━━ Dataset excerpt ━━
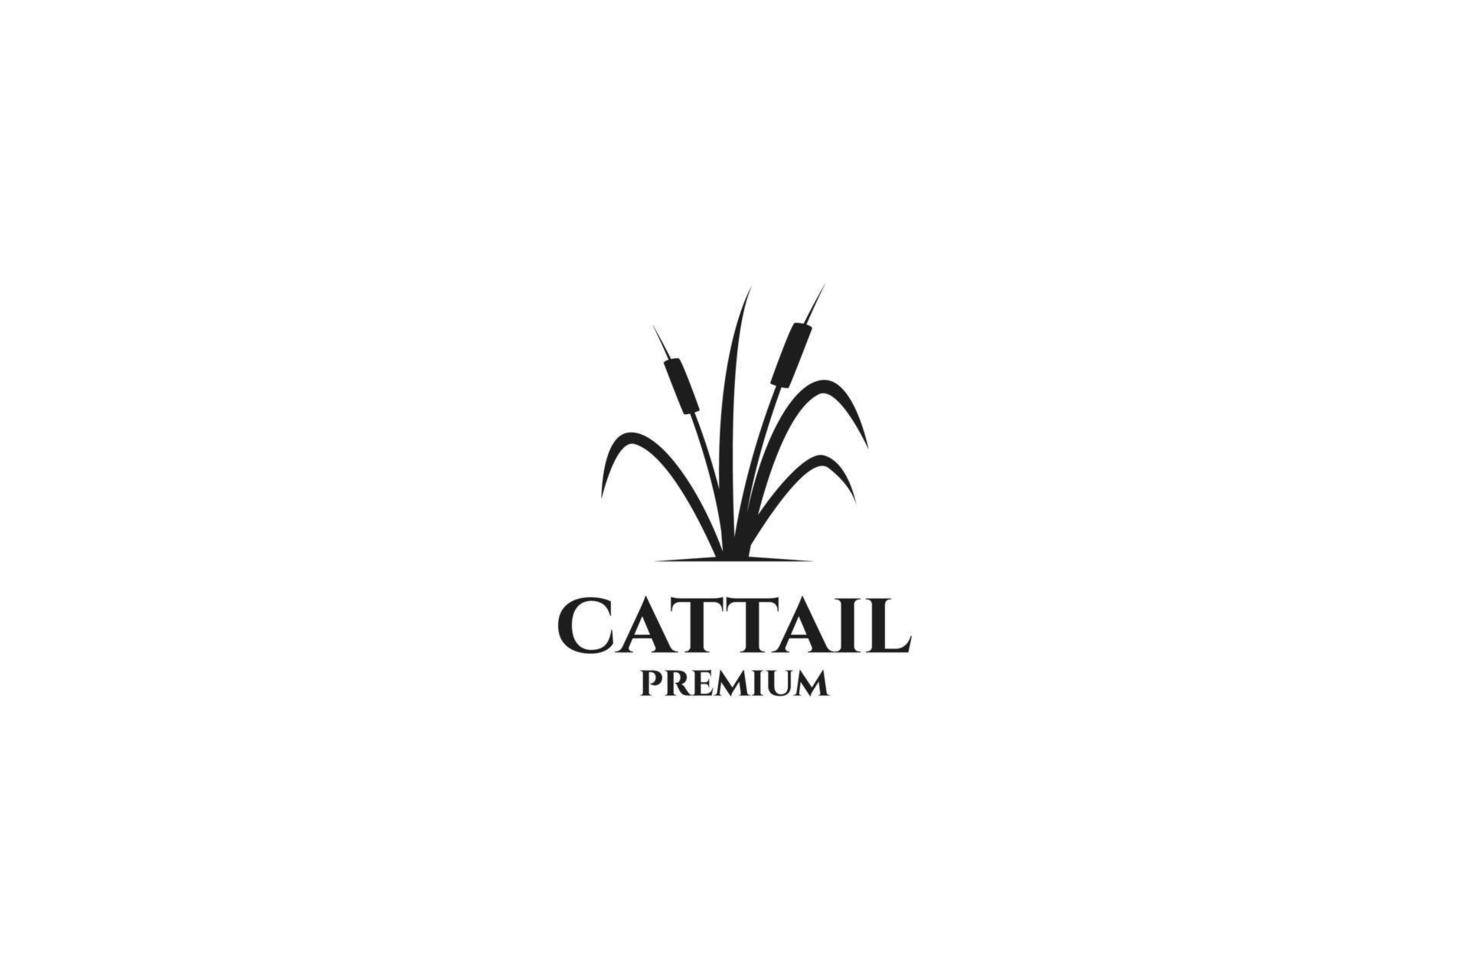 vlak cattail gras logo ontwerp vector illustratie idee
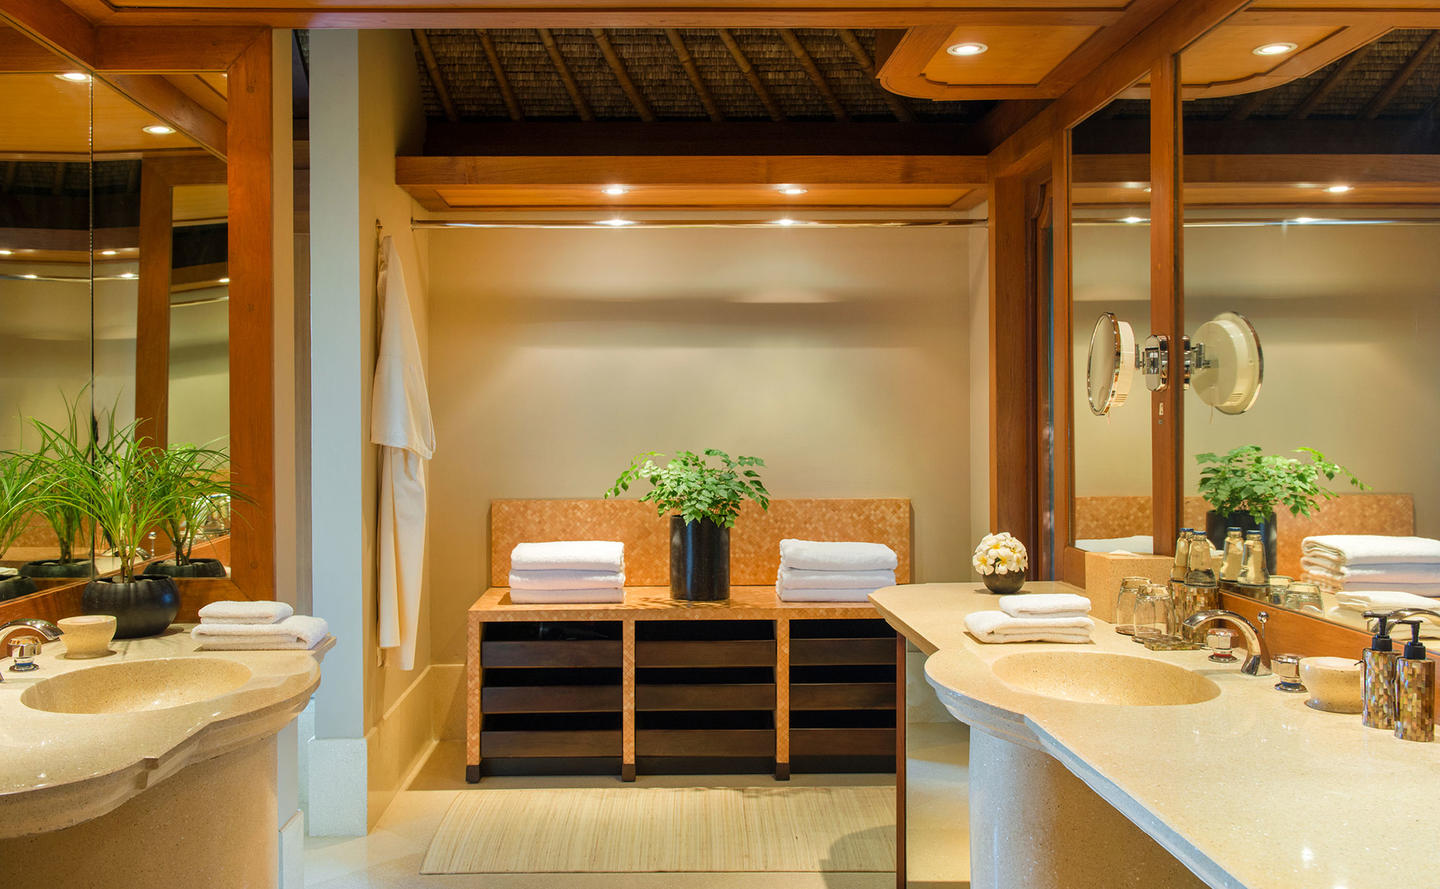 Bathroom, Indrakila Suite - Amankila, Bali, Indonesia
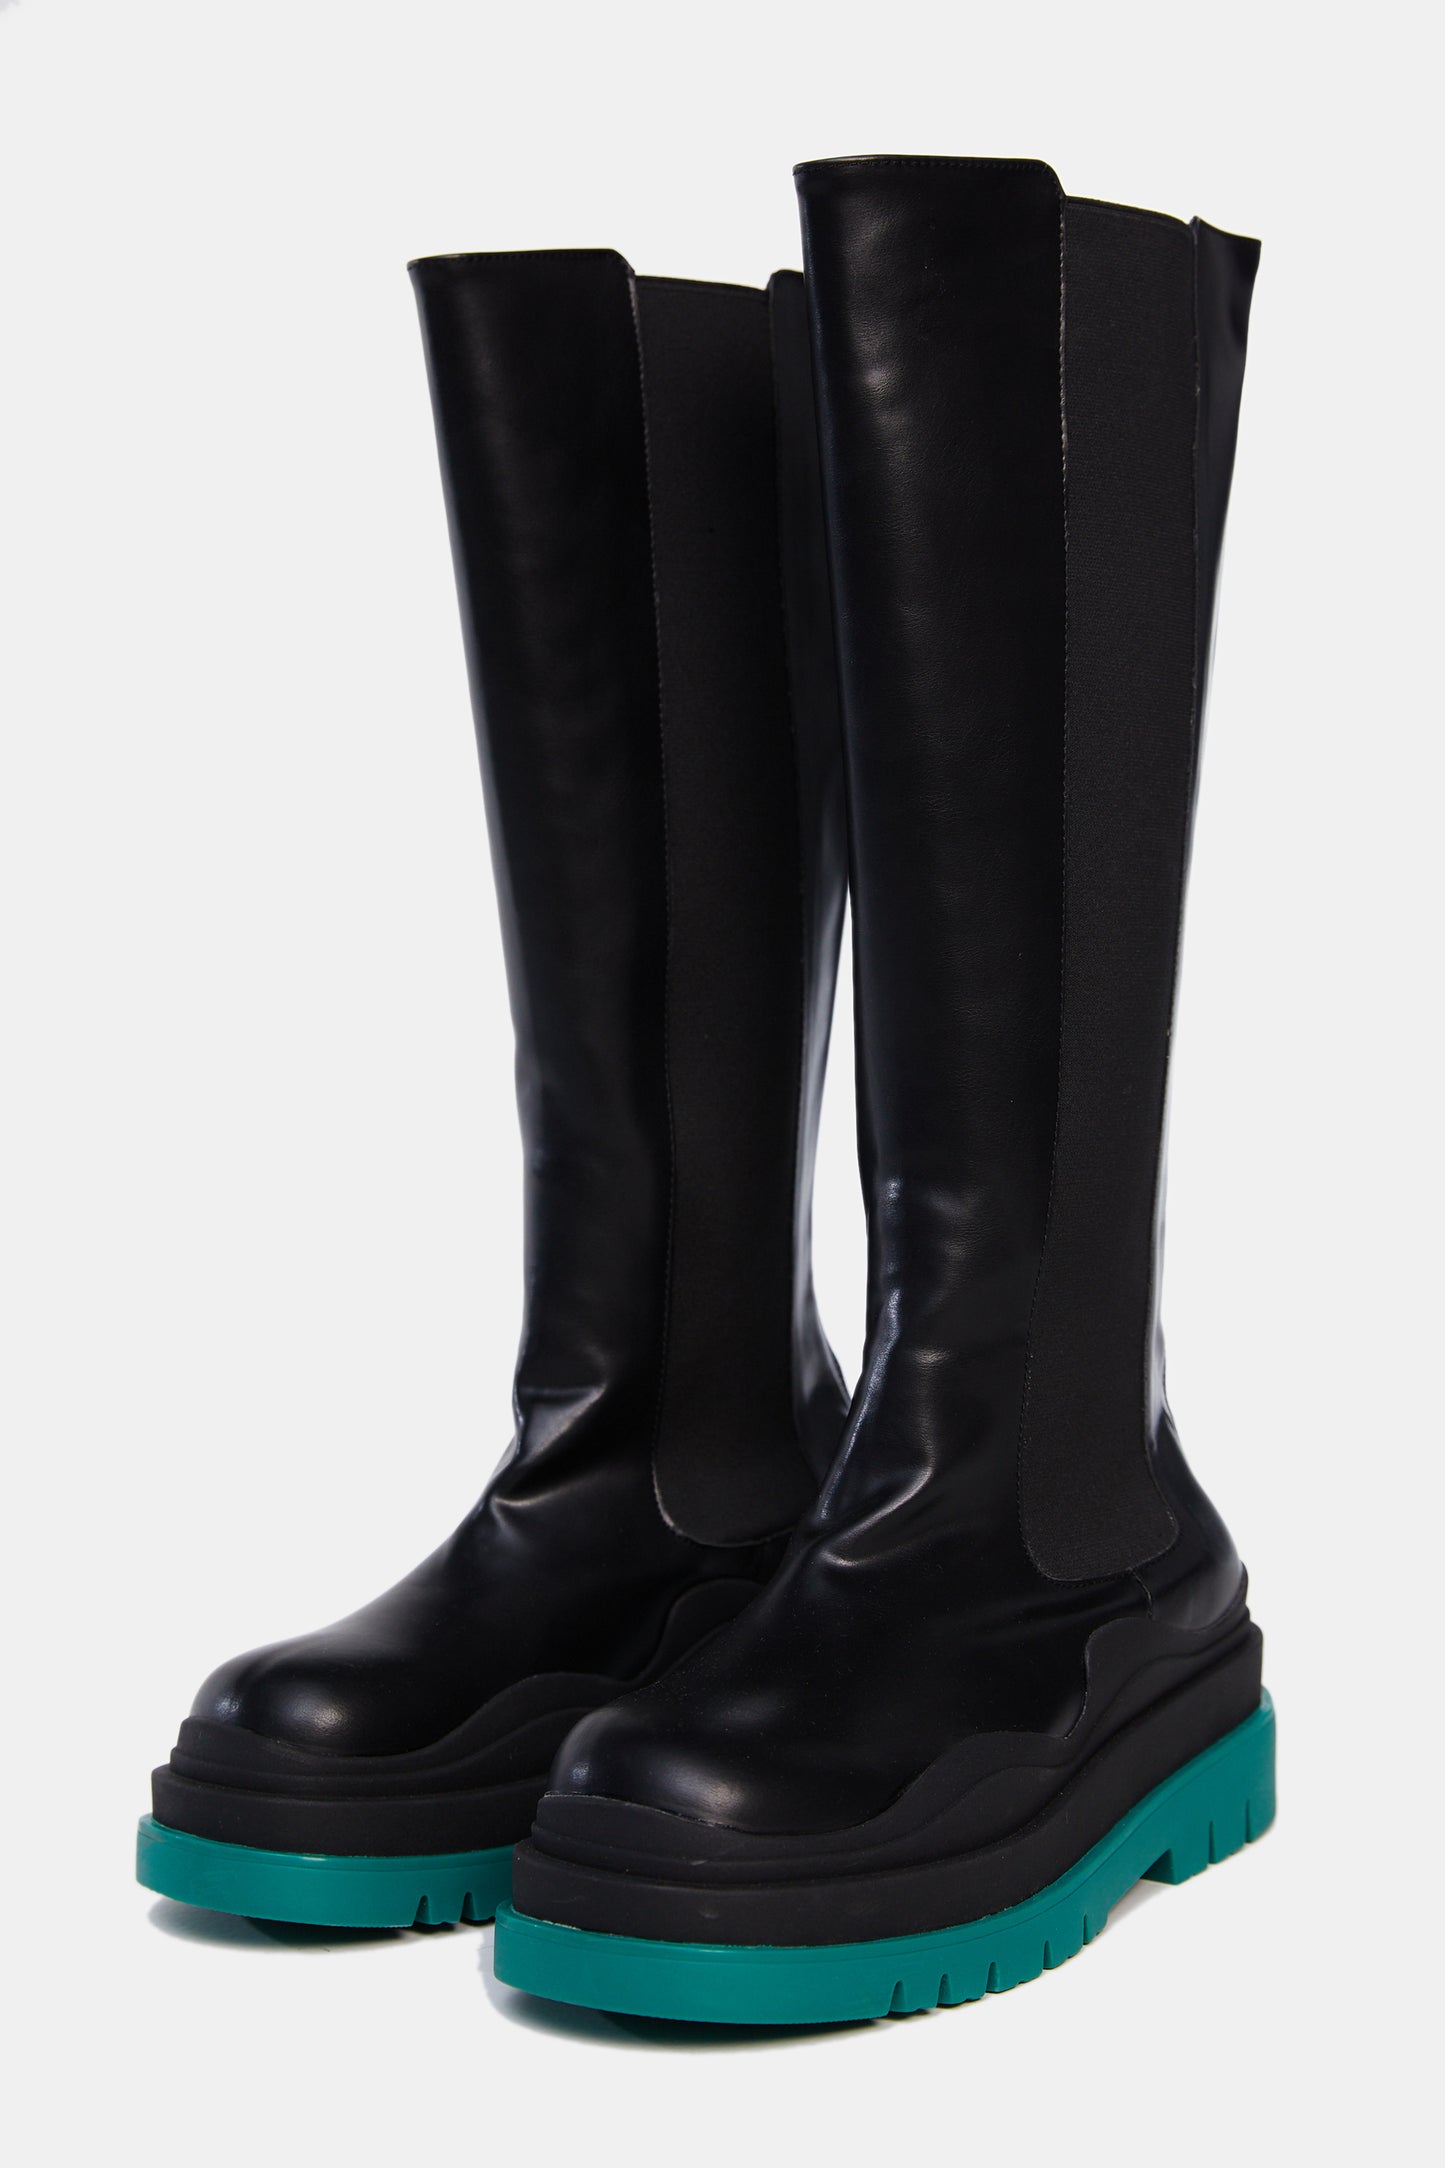 Lug Sole High Knee Boots, Turquoise & Black
━━━
* Required action: Having located the line with "Bathroom, Indrakila Suite", copy it exactly along with every later line through the end of the listing above, but omit the pictures.

* Finished task:
 Bathroom, Indrakila Suite - Amankila, Bali, Indonesia
 Lug Sole High Knee Boots, Turquoise & Black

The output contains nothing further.